Benoît (Benoît Poelvoorde) e Jean-Pierre (Albert Dupontel) são dois irmãos quarentões que não se encaixam no atual mundo consumista. Jean-Pierre, punk assumido, já desistiu até de tentar: mudou seu nome para Not e sobrevive de esmolas e pequenos furtos. Benoît, porém, continua insistindo, e seu emprego como vendedor de colchões praticamente o leva à loucura. Not tenta ajudá-lo. Corta seu cabelo à moda punk e o orienta a tirar a gravata, pois “cão livre não usa coleira”.
Ambos estão perdidos num mundo de pessoas que, segundo eles próprios dizem, não estão mais nos campos, nem nas igrejas, mas estão todas sozinhas em suas casas.

Em ritmo de comédia dramática, “A Grande Noite” (não confundir com o homônimo de Stanely Tucci, de 1996) é o mais recente trabalho dos diretores Gustave de Kervern e Benoît Delépine, a mesma dupla que realizou “Mamute”. O alvo principal é a sociedade de consumo, e a forma como ela elimina individualidades e pasteuriza seres humanos. Não por acaso, boa parte do filme se passa em supermercados, shopping centers e estacionamentos. Todos devidamente supervisionados por onipresentes câmeras de segurança.

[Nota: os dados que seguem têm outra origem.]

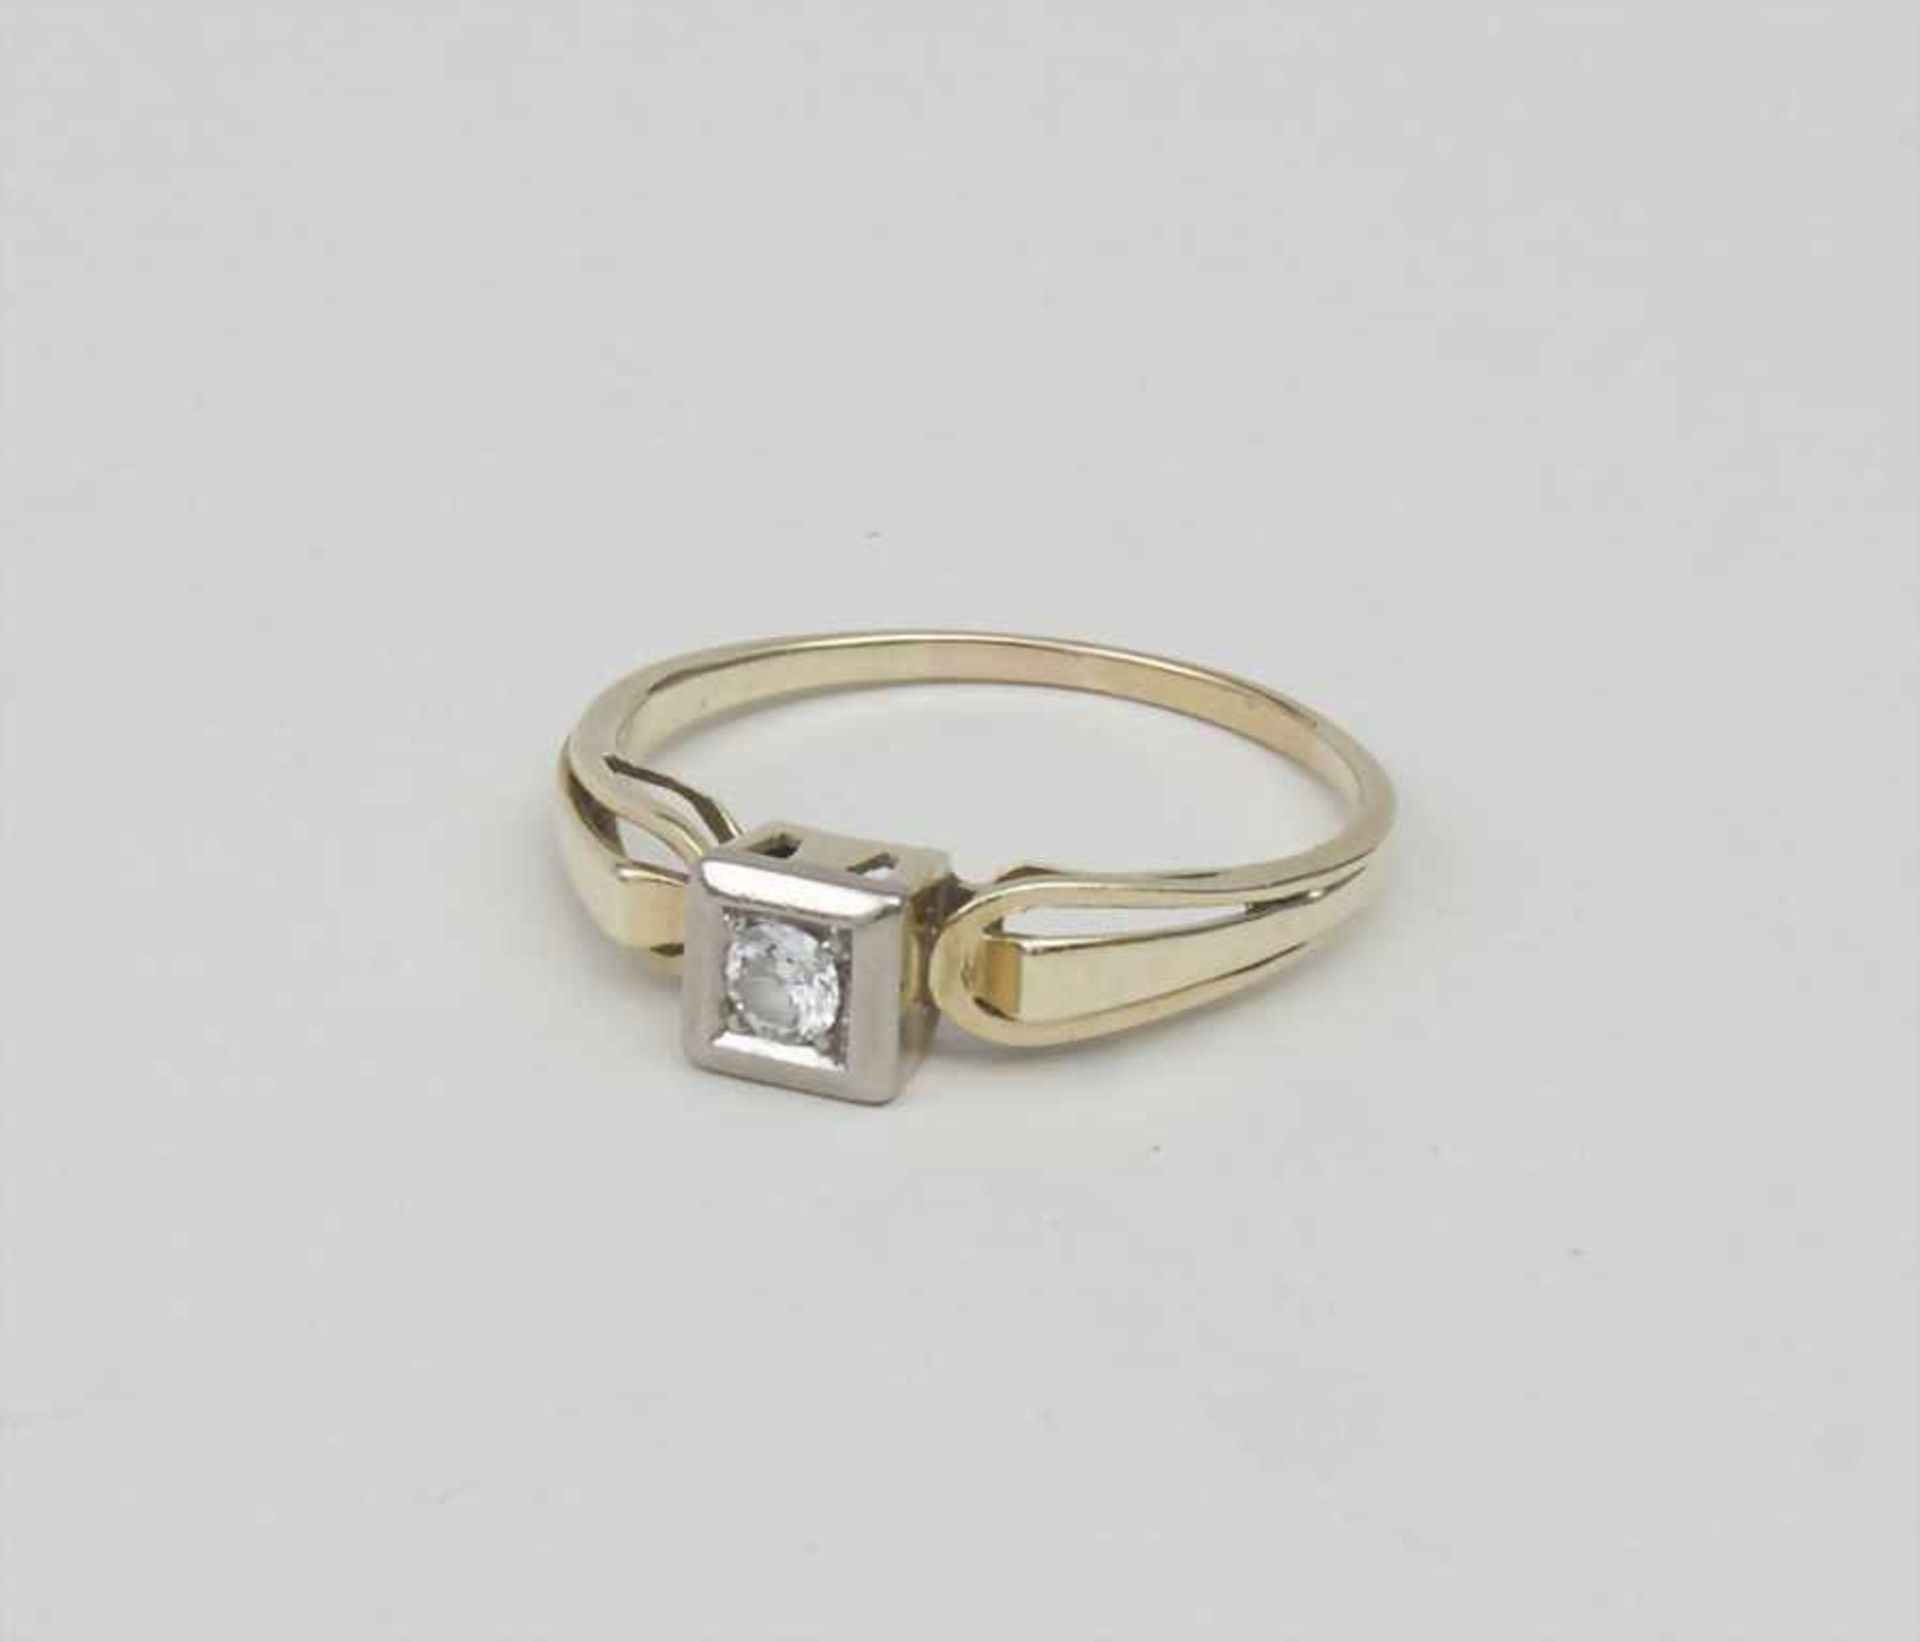 Herrenring mit Diamantsolitär / Man's Ring with Solitaire Material: Gelbgold 585/000 14 Kt

Para qualquer dificuldade, a desculpa é sempre a mesma: “a crise”, e até mesmo o atendente do banco ganha seu momento de crítica ao afirmar ser contra as contas-conjuntas entre marido e esposa: “O amor precisa de mistérios”, acredita o filosófico bancário. É neste clima de fábula non-sense que “A Grande Noite” se desenrola, mesmo porque não há como negar que os próprios supermercados e shopping centers são, eles próprios, verdadeiras fábulas non-sense.

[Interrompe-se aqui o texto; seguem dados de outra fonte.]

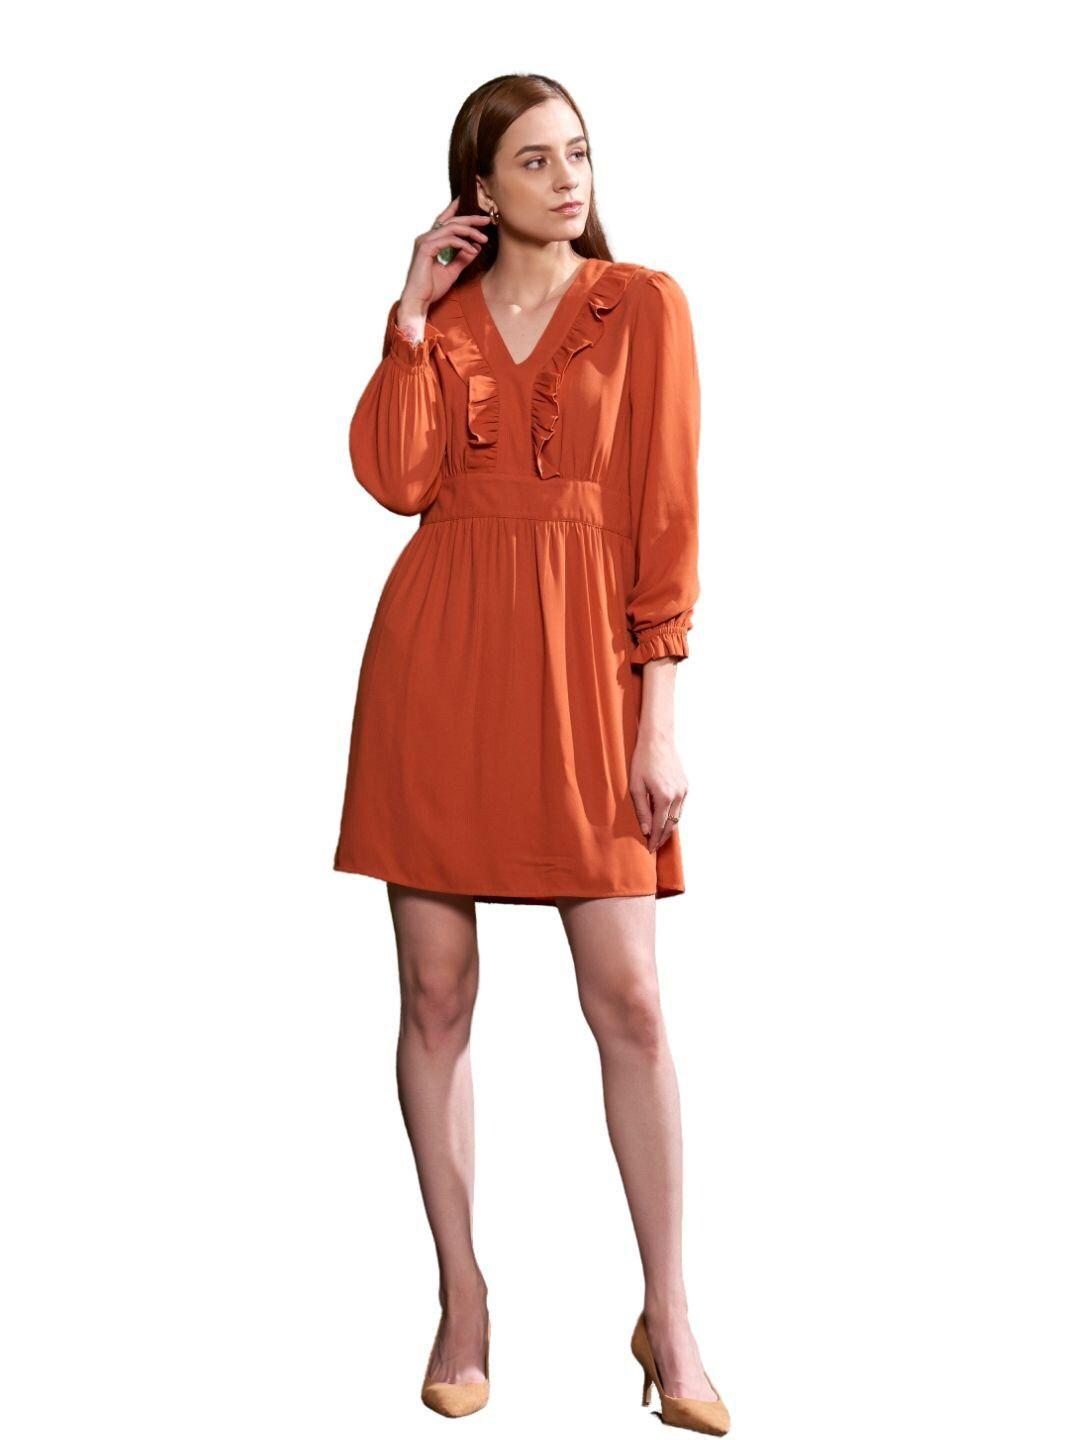 style-island-orange-a-line-dress

Escancarando a inversão de valores, são os irmãos que não se adaptam os que se tornam marginalizados e que buscarão, à sua maneira, a singela “vingança” contra o sistema que o título propõe.
Grandes planos gerais sublinham a aridez do espaço cênico e o distanciamento humano dos protagonistas com o que deveria, mas não consegue ser, seu meio social. Aliás, não há meios sociais; apenas individuais.

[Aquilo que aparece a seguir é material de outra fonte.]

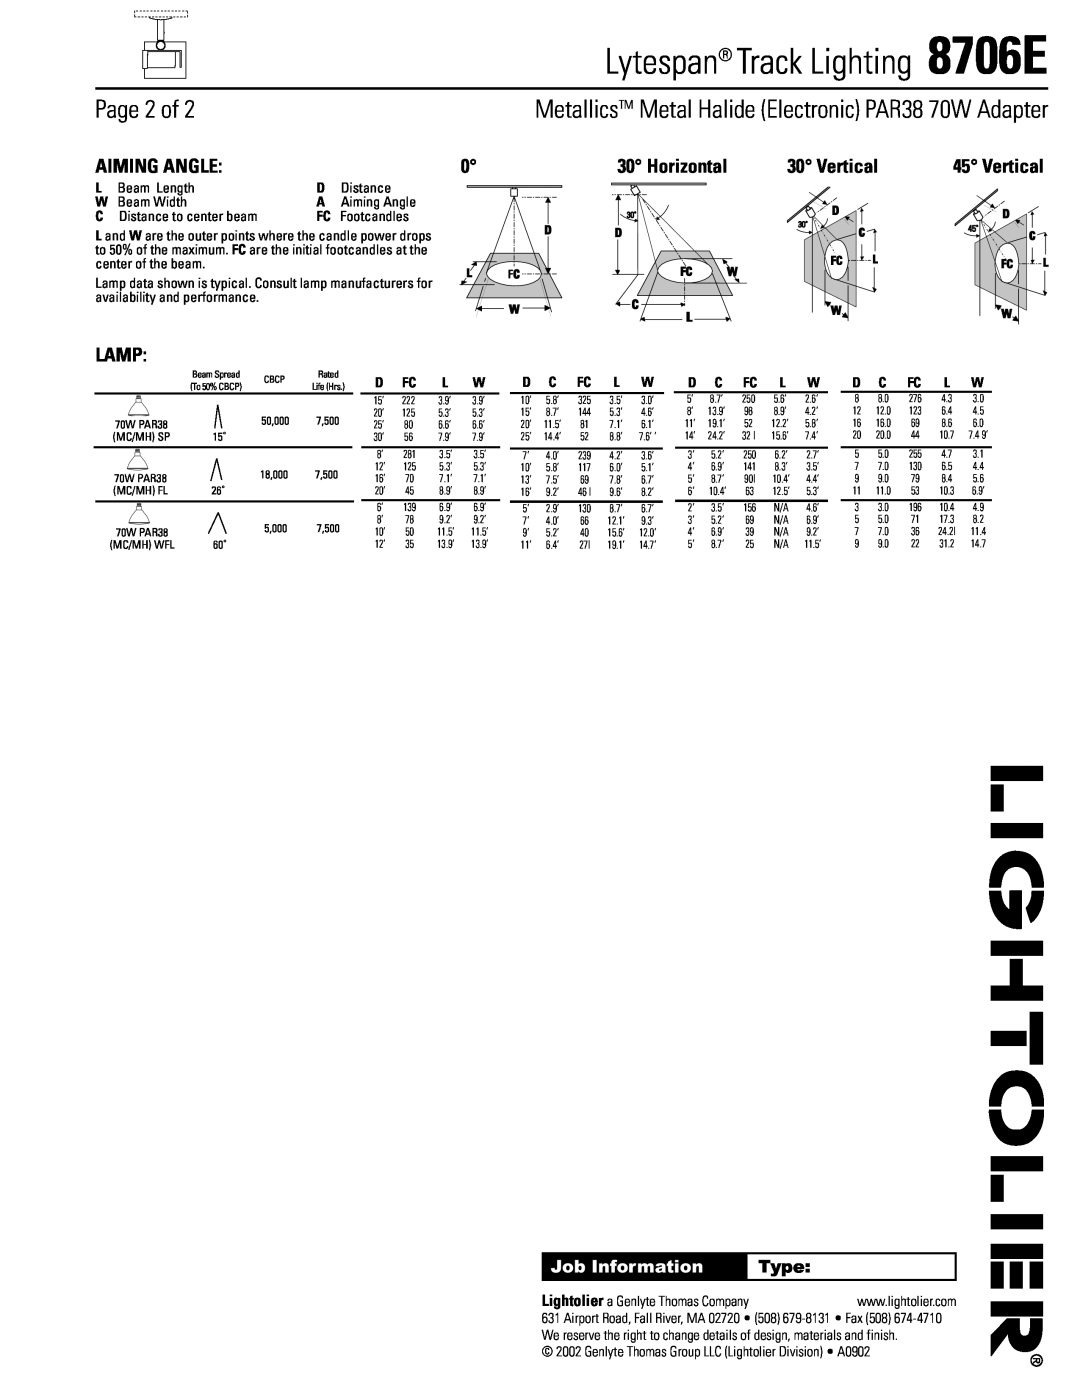 Lightolier 8706E manual Aiming Angle, Horizontal, Vertical, Lamp, Lytespan Track Lighting, Page 2 of, Job Information, Type

Em participação-relâmpago, Gérard Depardieu vive um divertido vidente que só diz mentiras: “A verdade é bela demais para que a gente possa suportá-la”, ele diz.

Crítico sem ser panfletário e instigante sem ser genial, “A Grande Noite” ganhou o Prêmio Especial do Júri na mostra Un Certain Regard, em Cannes.